If so, is heaven a place of perpetual celibacy, or is there sexual activity in heaven? What do you say? I believe that there is sex in heaven, sex on the new earth, in terms of sexuality, gender. But in terms of actual sexual relationships and sexual experiences between people, the very fact that Jesus said that there wouldn't be marriage in heaven, that in that respect we would be like the angels.

And we need to realize that's a very limited respect in which we will be like angels. It's not that we'll become like angels in most respects, but that's a specific one that we're told. And therefore, I would not expect there to be any physical sexual relationships. And when Jesus says what he says in Matthew 22, 30, then I think that that would, in my mind, close that door.

Though certainly I've read Peter Kreft and many others who have argued for there being sex in heaven. But I do think C.S. Lewis' insight was great. He talked about the boy who had heard about sex and people having sex and said, "Well, do they eat chocolate while they're having it?" because he was told it's this wonderful experience.

And to him, it was like nothing could be better than eating chocolate. And then Lewis makes the argument that perhaps our sense of loss about the idea of not being able to have sexual relationships is like that boy thinking that chocolate's the greatest joy and that there are greater joys that await us.

But one of the things that I emphasize to people is that I really think that we miss something when we say no marriage in heaven. The Bible does not teach there is no marriage in heaven. The Bible teaches there is one marriage in heaven, Christ married to his bride, the church.

So I remember when this dawned on me many years ago, and I said to Nancy, I said, "You know what? According to the Bible, we will be part of the same marriage forever. We're both part of the bride of Christ, and we will have as a bridegroom the only absolutely perfect, absolutely good, gracious spouse in all the history of the universe.

And we have that to look forward to, and we will enjoy that together." So I think those who are afraid, "Well, my wife, my husband's my best friend, we're going to lose that relationship." No, not at all. Everything about continuity from this life to the next, the shared experiences we've had here, I think we'll look back as we were like soldiers in the trenches together.

And we had great times, and we had hard times.
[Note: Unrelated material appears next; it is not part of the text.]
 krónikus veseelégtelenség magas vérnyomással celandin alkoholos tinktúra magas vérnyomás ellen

And we should expect those relationships with family to be special and continue forever. But in couples with no marriage, it would seem to me that the sexual relationship would not be something we would expect. Interesting. But the sexual organs do remain.
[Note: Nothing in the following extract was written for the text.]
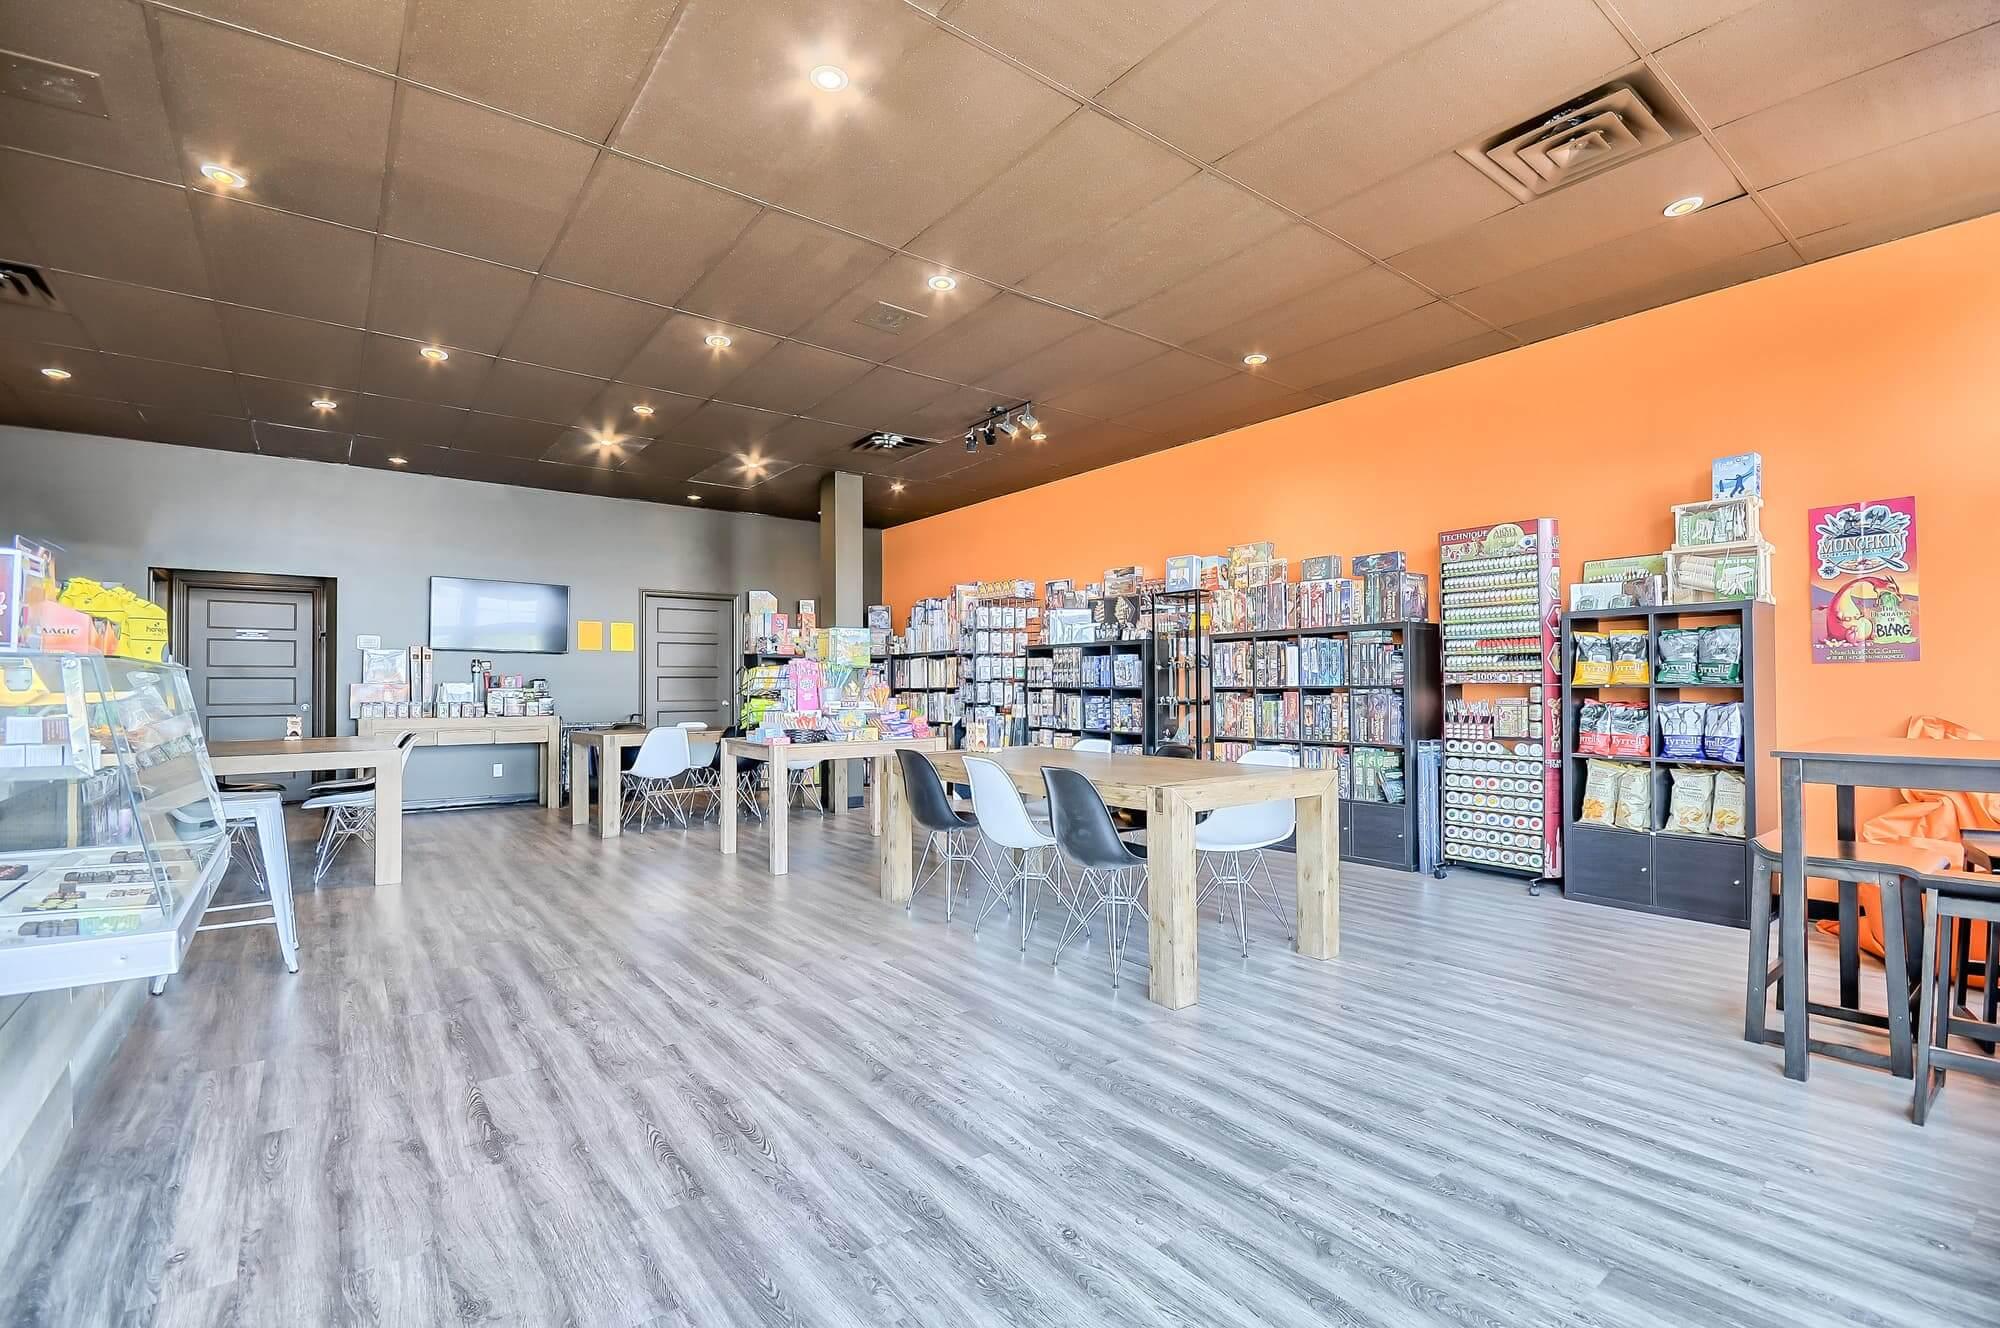 boutique et salon de jeux de société nouvellement aménagé avec plancher flottant gris et mur d'accent orange

I believe it is. And I think that the components of our sexuality that make us distinctly male and distinctly female are things that we have every reason to believe would carry over to our new bodies. The very fact that we are eating and drinking suggests stomachs and digestive systems strongly, I would think.

And so just as we would have our organs that help our bodies function in the distinct ways that they do, we could still have our sexual organs without having the sexual desires, but having still the sexuality that defines us as male and female. Excellent. Thank you, Randy. And for more on this and so many other topics, see Randy's bestselling book simply titled Heaven.

And be sure to check out Randy's ministry, Eternal Perspective Ministries, online at epm.org. I actually have that C.S. Lewis quote here in front of me from his book Miracles. Let me read it to close out this episode. This is so good. C.S. Lewis writes this, "The letter in the spirit of Scripture and of all Christianity forbid us to suppose that life in the new creation will be a sexual life.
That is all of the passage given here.